The 2018 FA WSL Cup final was the seventh final of the FA WSL Cup, England's secondary cup competition for women's football teams and its primary league cup tournament. It took place on the 14 March 2018, at Adams Park, contested by Arsenal and Manchester City, the only two teams to have ever won the tournament.

Arsenal had competed in all but one of the previous finals, whereas Manchester City had only previously appeared in two but won both of them. The two teams previously played out the 2014 FA WSL Cup final, which Manchester City won by a goal to nil.

Arsenal won the match 1–0, with a first-half goal from Vivianne Miedema.

== Route to the final==

| Round | Opposition | Score |
| GS | London Bees (H) | 7–0 |
| GS | Millwall Lionesses (A) | 5–2 |
| GS | Reading (H) | 1–2 |
| GS | Watford (A) | 6–0 |
| QF | Sunderland (H) | 3–1 |
| SF | Reading (A) | 3–2 |
Key: (H) = Home venue; (A) = Away venue; (N) = Neutral venue.

=== Arsenal ===
Arsenal's journey to the final began in the Group Stage, where they were drawn against Reading - who would go on to be a close rival in the league - as well as mostly lower-half FA WSL 2 teams London Bees, Millwall Lionesses and Watford. Games against the former and the latter would turn out to be easy and result in large winning margins, while a high-scoring away match against Millwall would result in a 5–2 victory. The goals scored in these matches would still not ultimately prove enough to secure Arsenal first place in their group, however, as the home tie against Reading finished with a disappointing 2–1 loss, and Arsenal qualified for the knock-outs in second behind their WSL 1 rival.

Progressing through to the quarter-finals Arsenal were drawn against Group One North winners Sunderland at home, who they would proceed to defeat by a two-goal margin in what would be new manager Joe Montemurro's first game.

They would then come up against Group Stage opponents Reading for a second time, this time being drawn away to the Berkshire team in the semi-finals. Once again they did not find their opponents easy, going down by a goal on two occasions before two late goals put them on top and through to the final.

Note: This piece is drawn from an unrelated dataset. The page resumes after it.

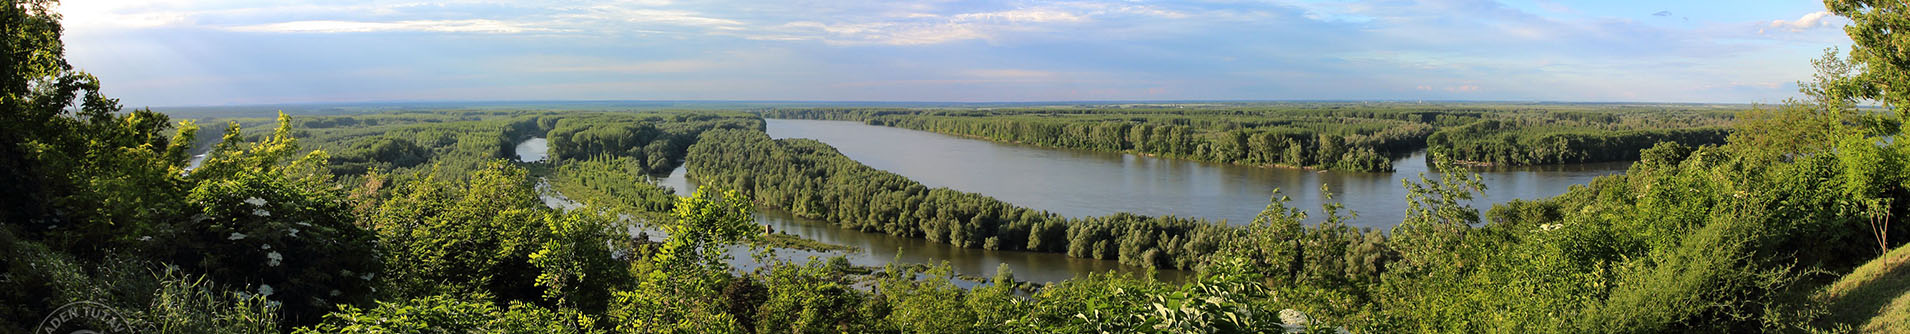 GUIDA TURISTICA - Danube
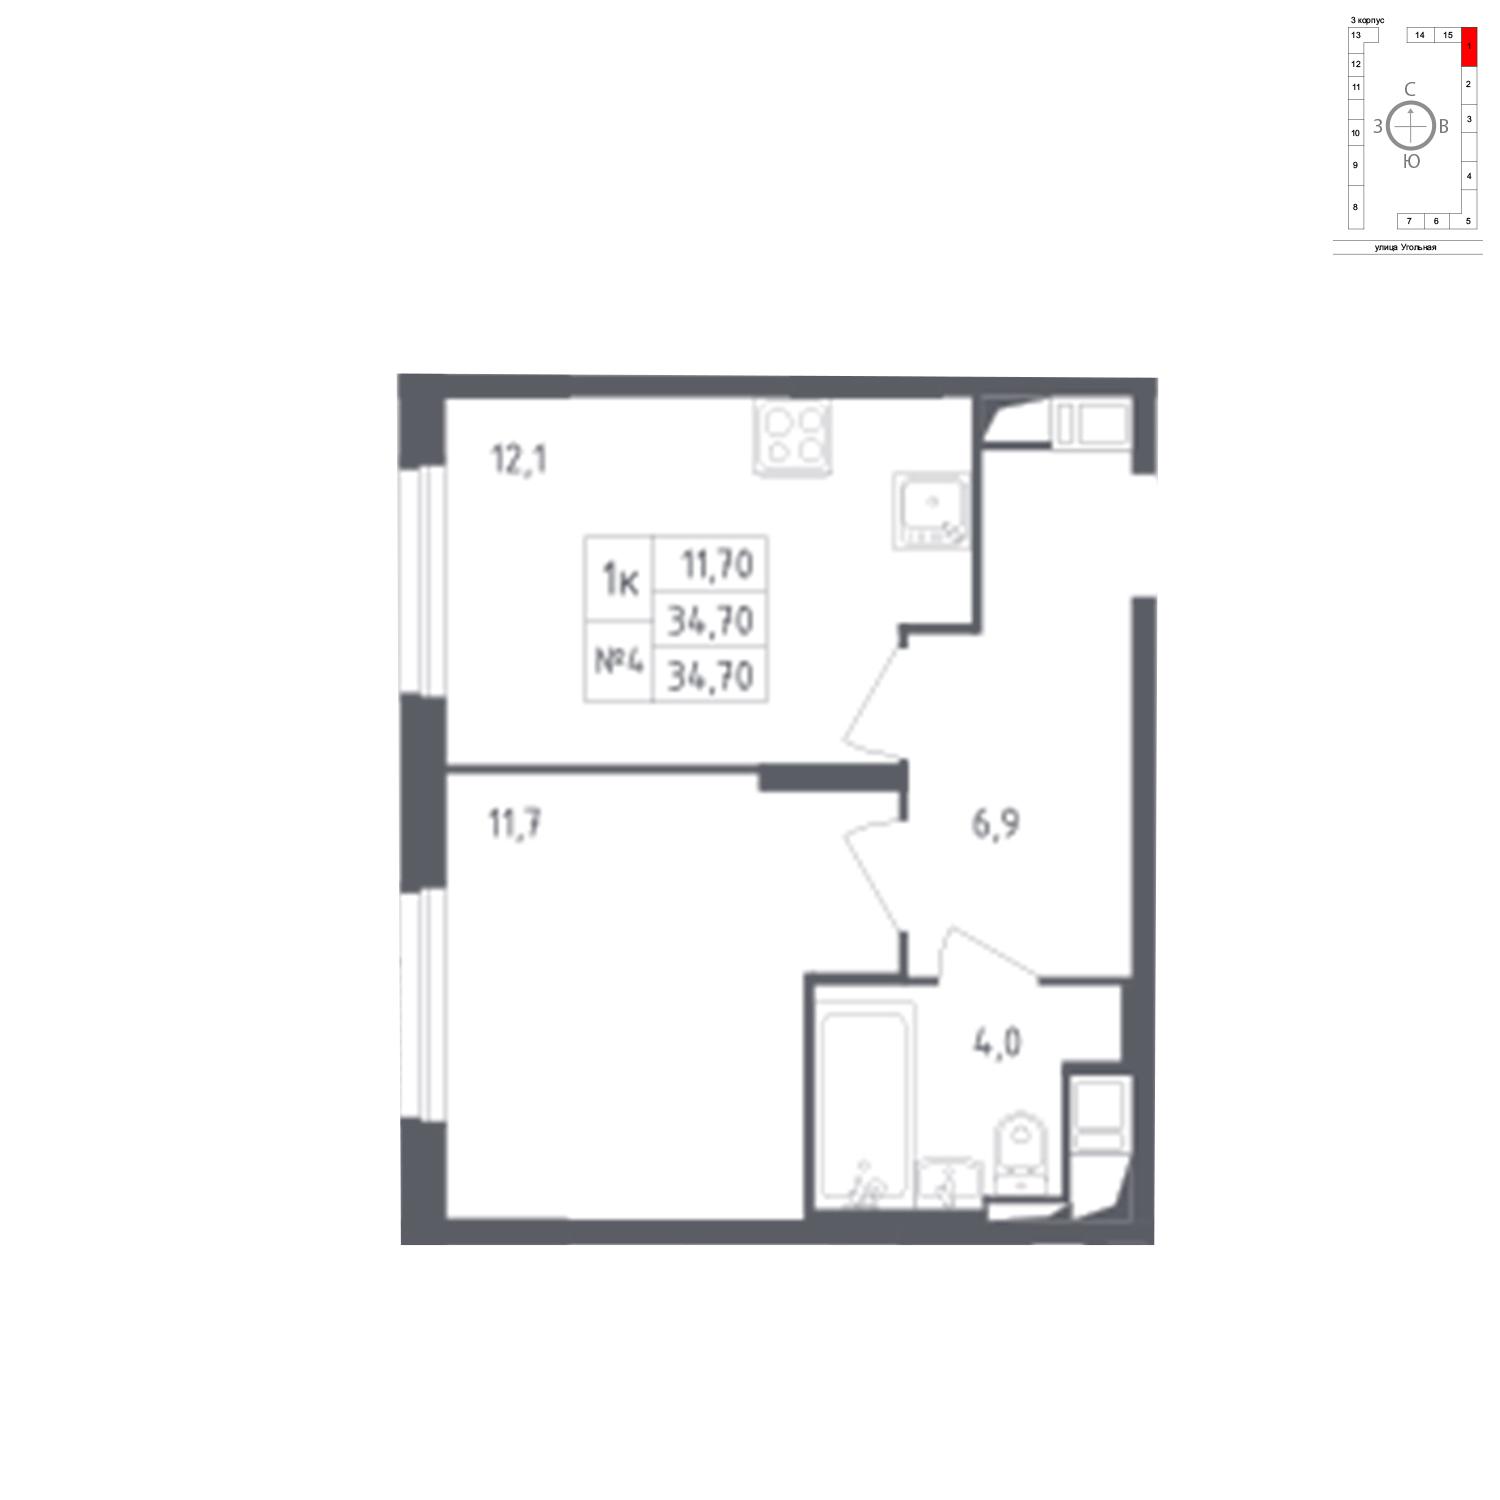 Продаётся 1-комнатная квартира в новостройке 34.7 кв.м. этаж 9/17 за 6 610 919 руб

| Round | Opposition | Score |
| GS | Oxford United (A) | 6–0 |
| GS | Everton (H) | 2–1 |
| GS | Birmingham City (H) | 2–0 |
| GS | Doncaster Rovers Belles (A) | 3–2 |
| QF | Bristol City (A) | 2–0 |
| SF | Chelsea (A) | 1–0 |
Key: (H) = Home venue; (A) = Away venue; (N) = Neutral venue.

=== Manchester City ===
In contrast to Arsenal, Manchester City were given a tougher Group Stage challenge with previous finalist Birmingham City, fellow WSL 1 team Everton and 2016 WSL 1 side Doncaster Rovers Belles joining City in a group which also featured WSL 2 mid-table side Oxford United. In their first game City defeated Oxford by six clear goals before fighting to a late home victory by the odd goal in three against Everton. A third victory was clocked up in their home match against Birmingham with two first half goals settling the tie to give City an early qualification for the next phase and the Group Stage was wrapped up in a 3–2 away win over Doncaster which saw three goals in four second half minutes.

Having qualified for the knock-out rounds with a perfect record, City were drawn against Group Two South runners-up Bristol City, whose men's team would meet City's own male contingent in the latter stages of their own league cup less than a month later, but defeated them by a slightly more comfortable two goals to nil.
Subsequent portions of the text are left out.